Problem statement
The full listing, word for word and free of images, is the expected result.
━━━ Supplied information ━━━
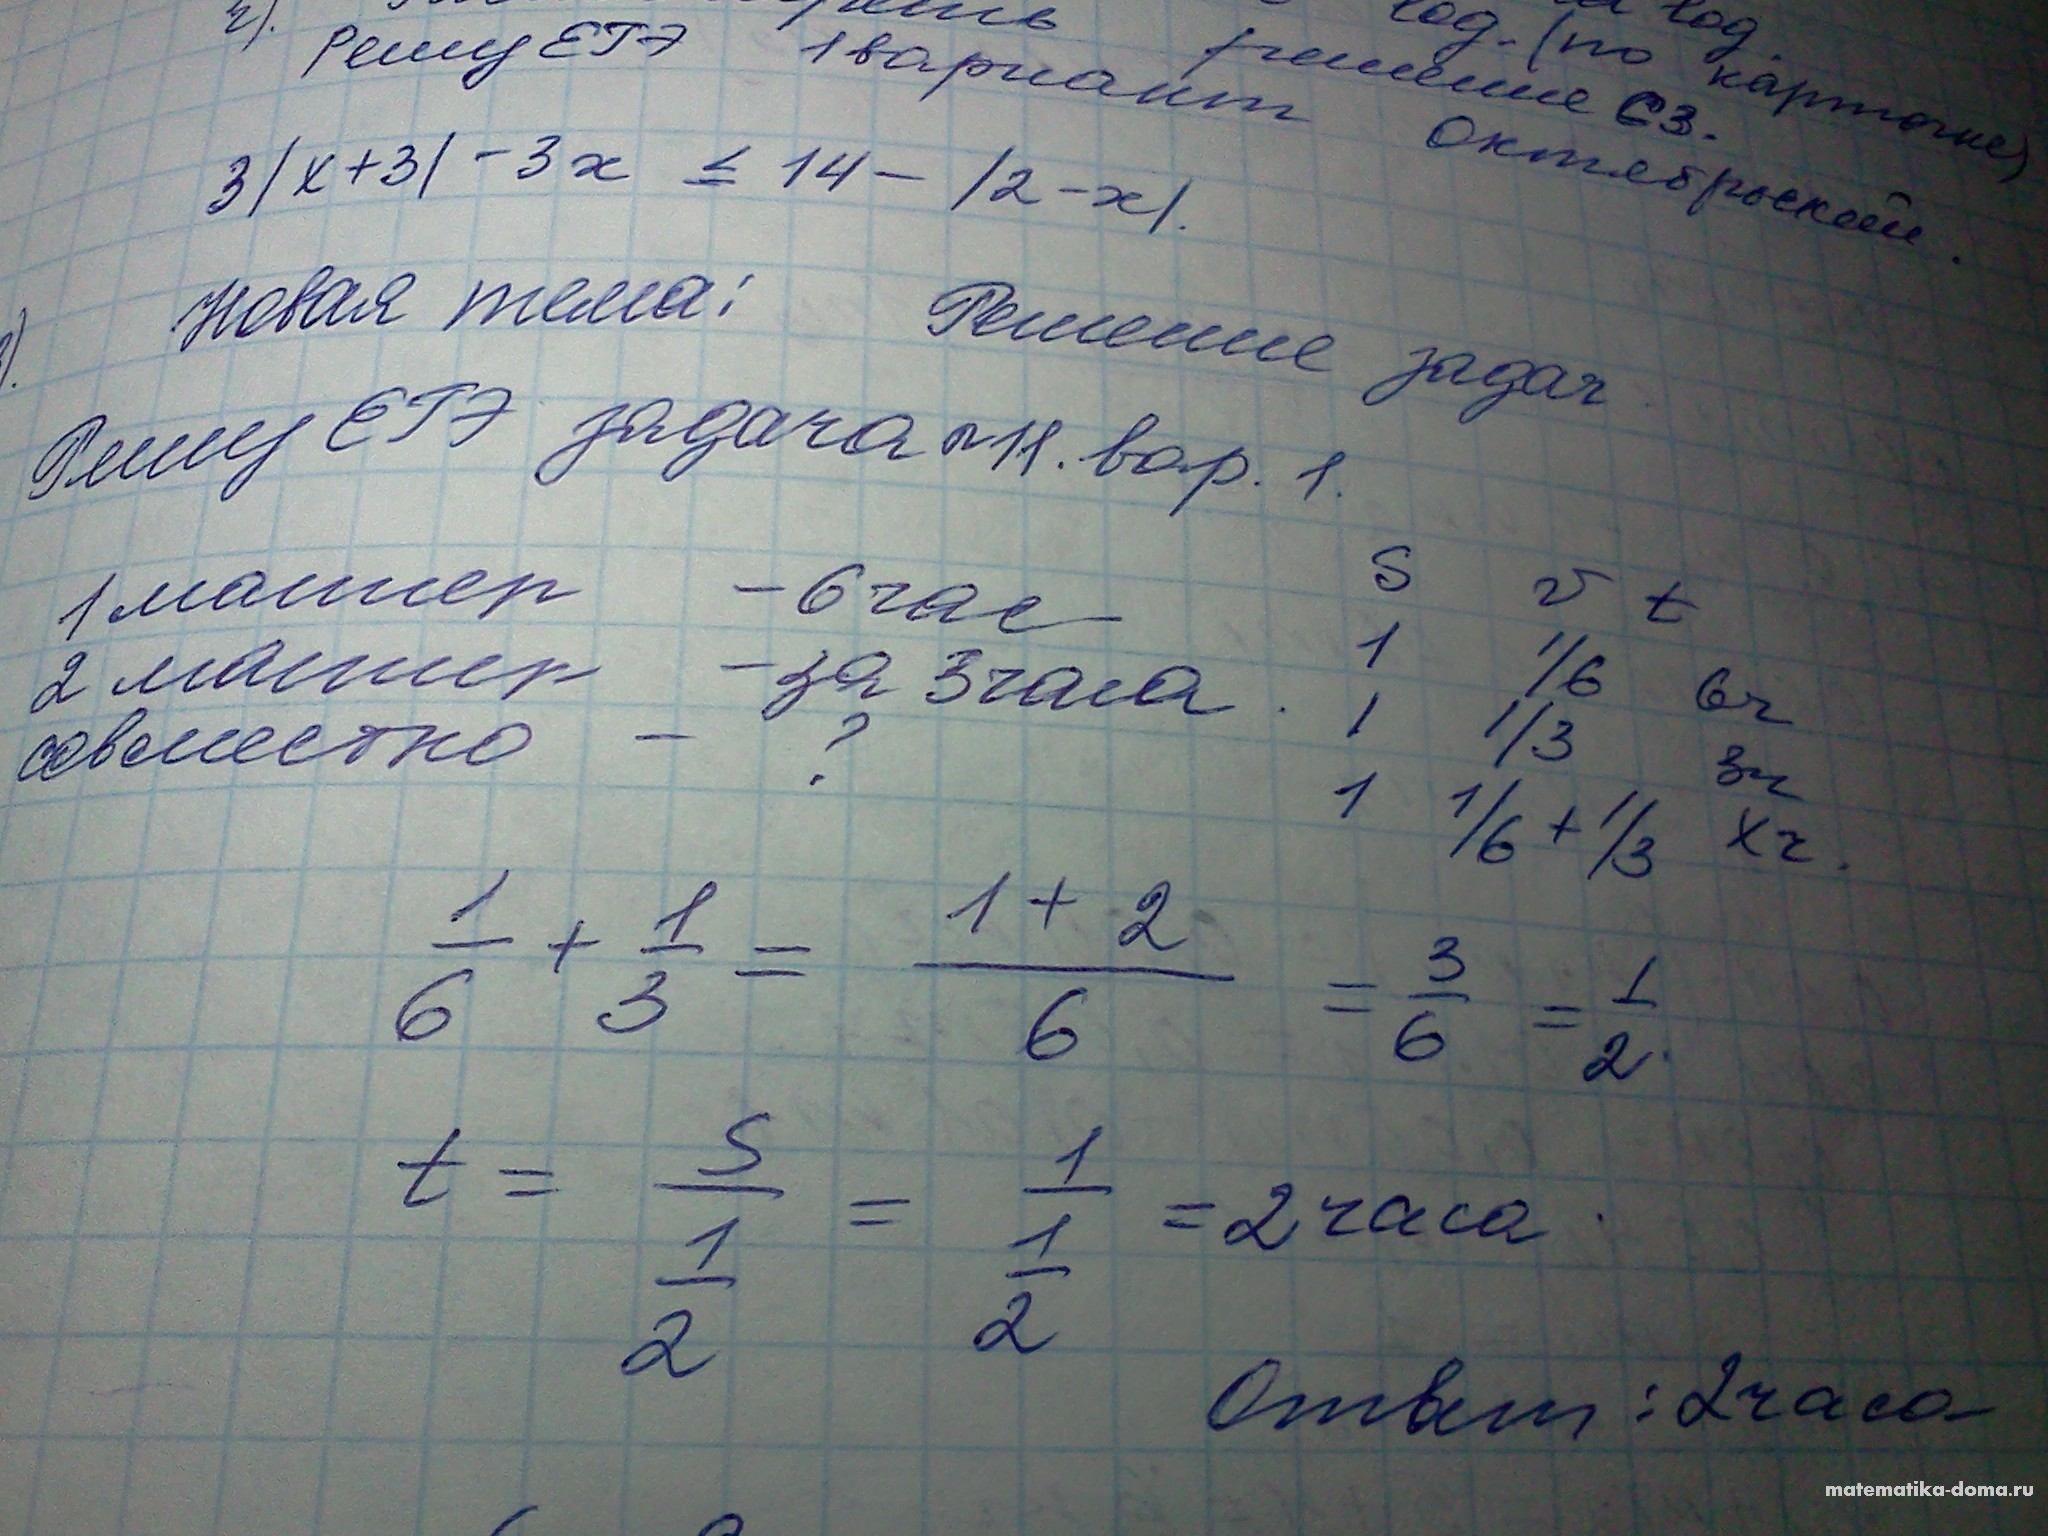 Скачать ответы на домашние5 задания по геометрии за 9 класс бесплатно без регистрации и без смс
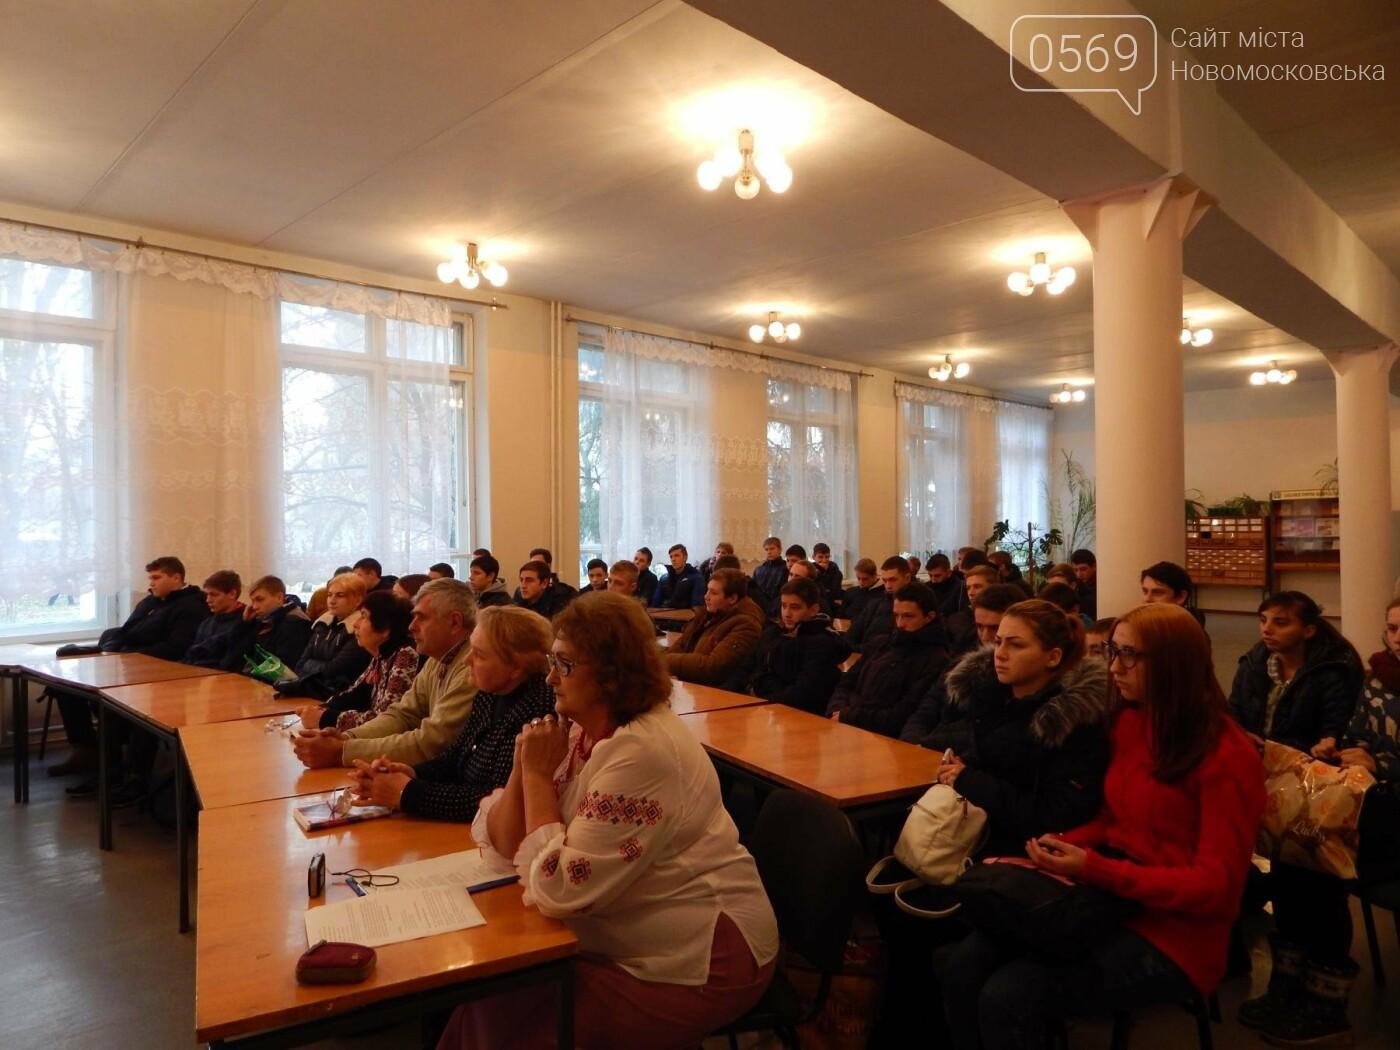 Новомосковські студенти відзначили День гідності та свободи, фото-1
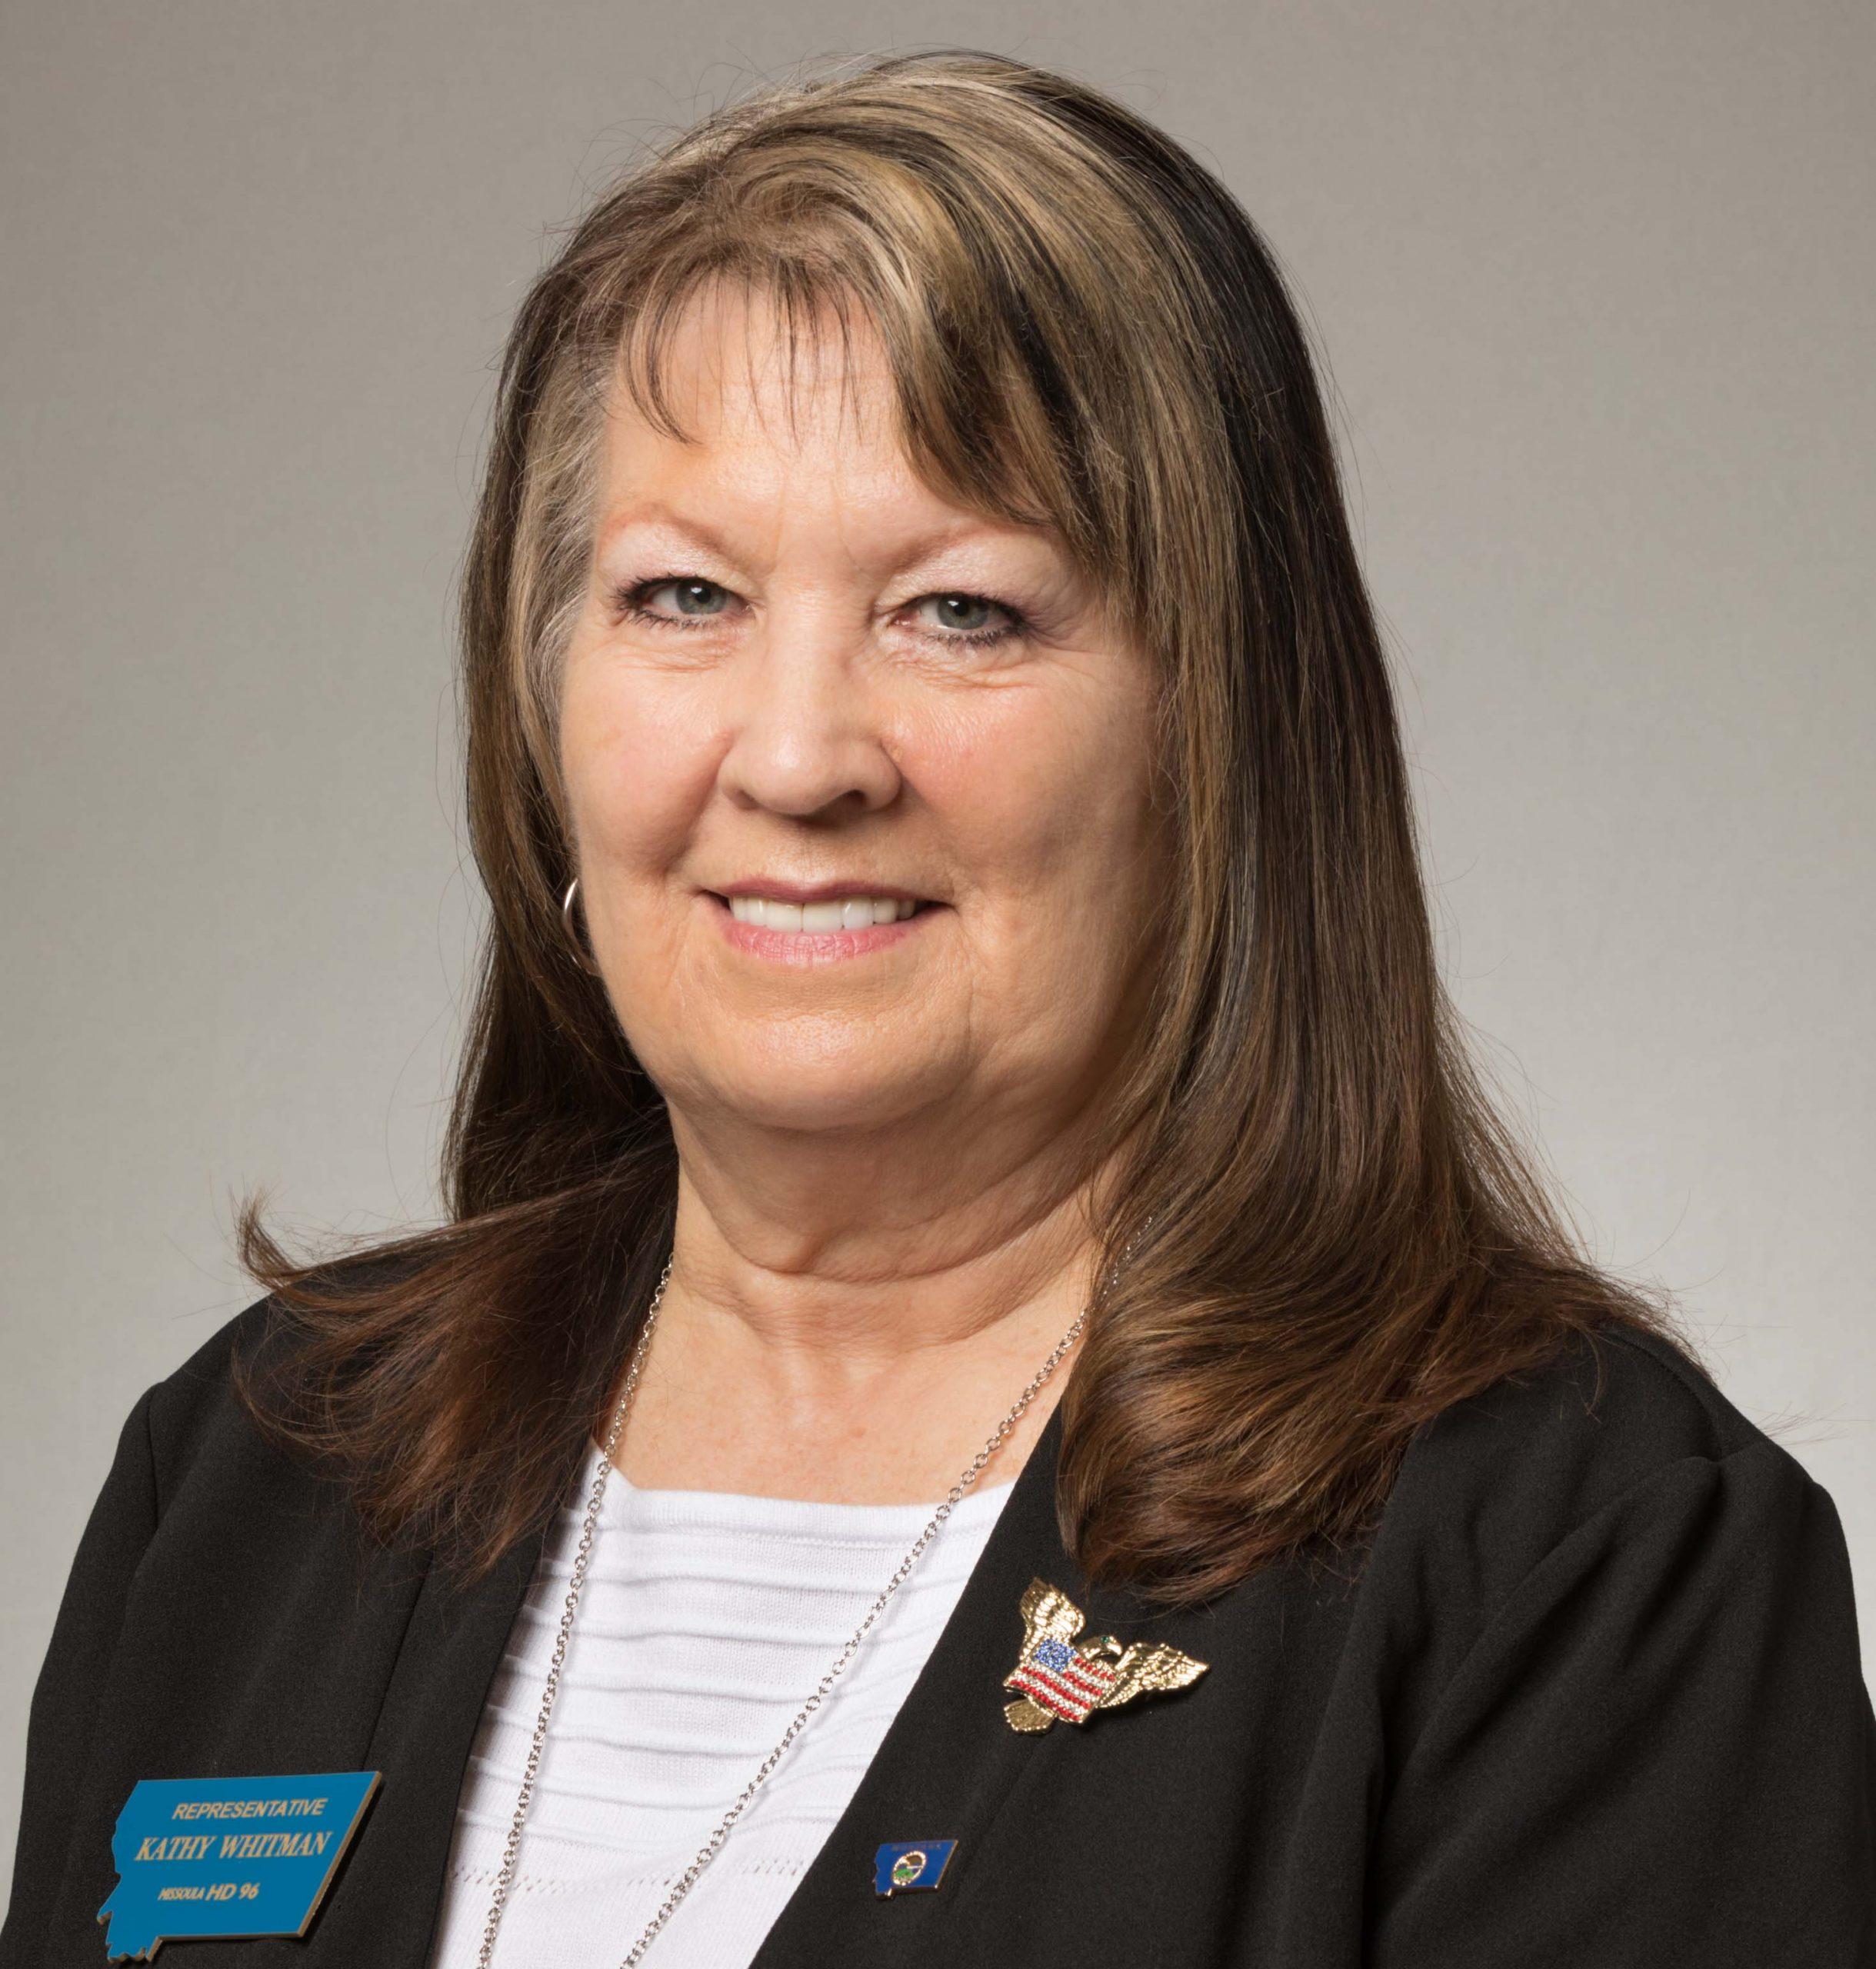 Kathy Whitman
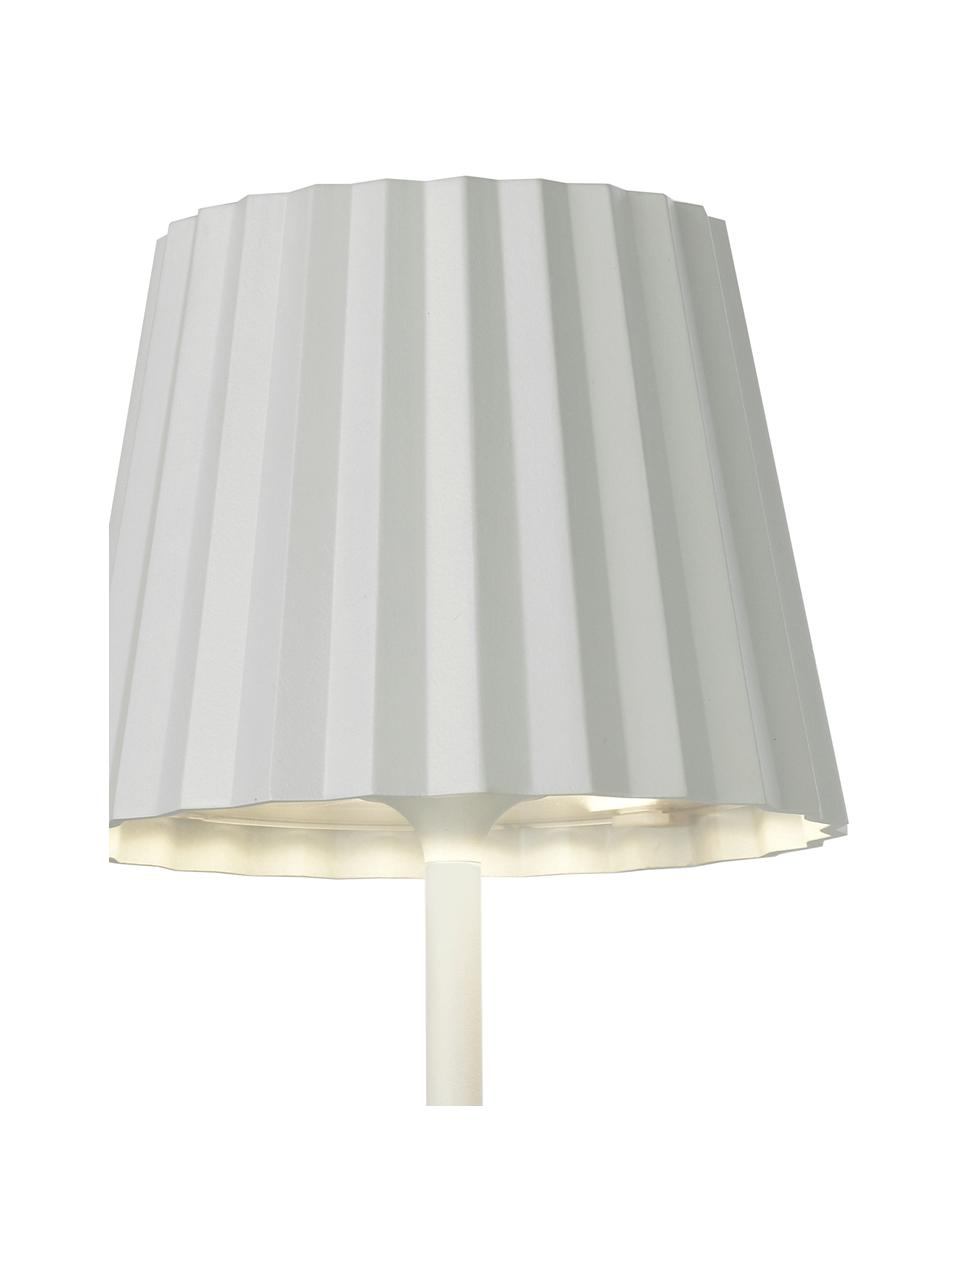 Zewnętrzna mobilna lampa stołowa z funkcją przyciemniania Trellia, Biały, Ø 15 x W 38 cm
━━━
Exercise output
 Скачать ответы на домашние5 задания по геометрии за 9 класс бесплатно без регистрации и без смс
 Новомосковські студенти відзначили День гідності та свободи, фото-1
 Kathy Whitman
 Zewnętrzna mobilna lampa stołowa z funkcją przyciemniania Trellia, Biały, Ø 15 x W 38 cm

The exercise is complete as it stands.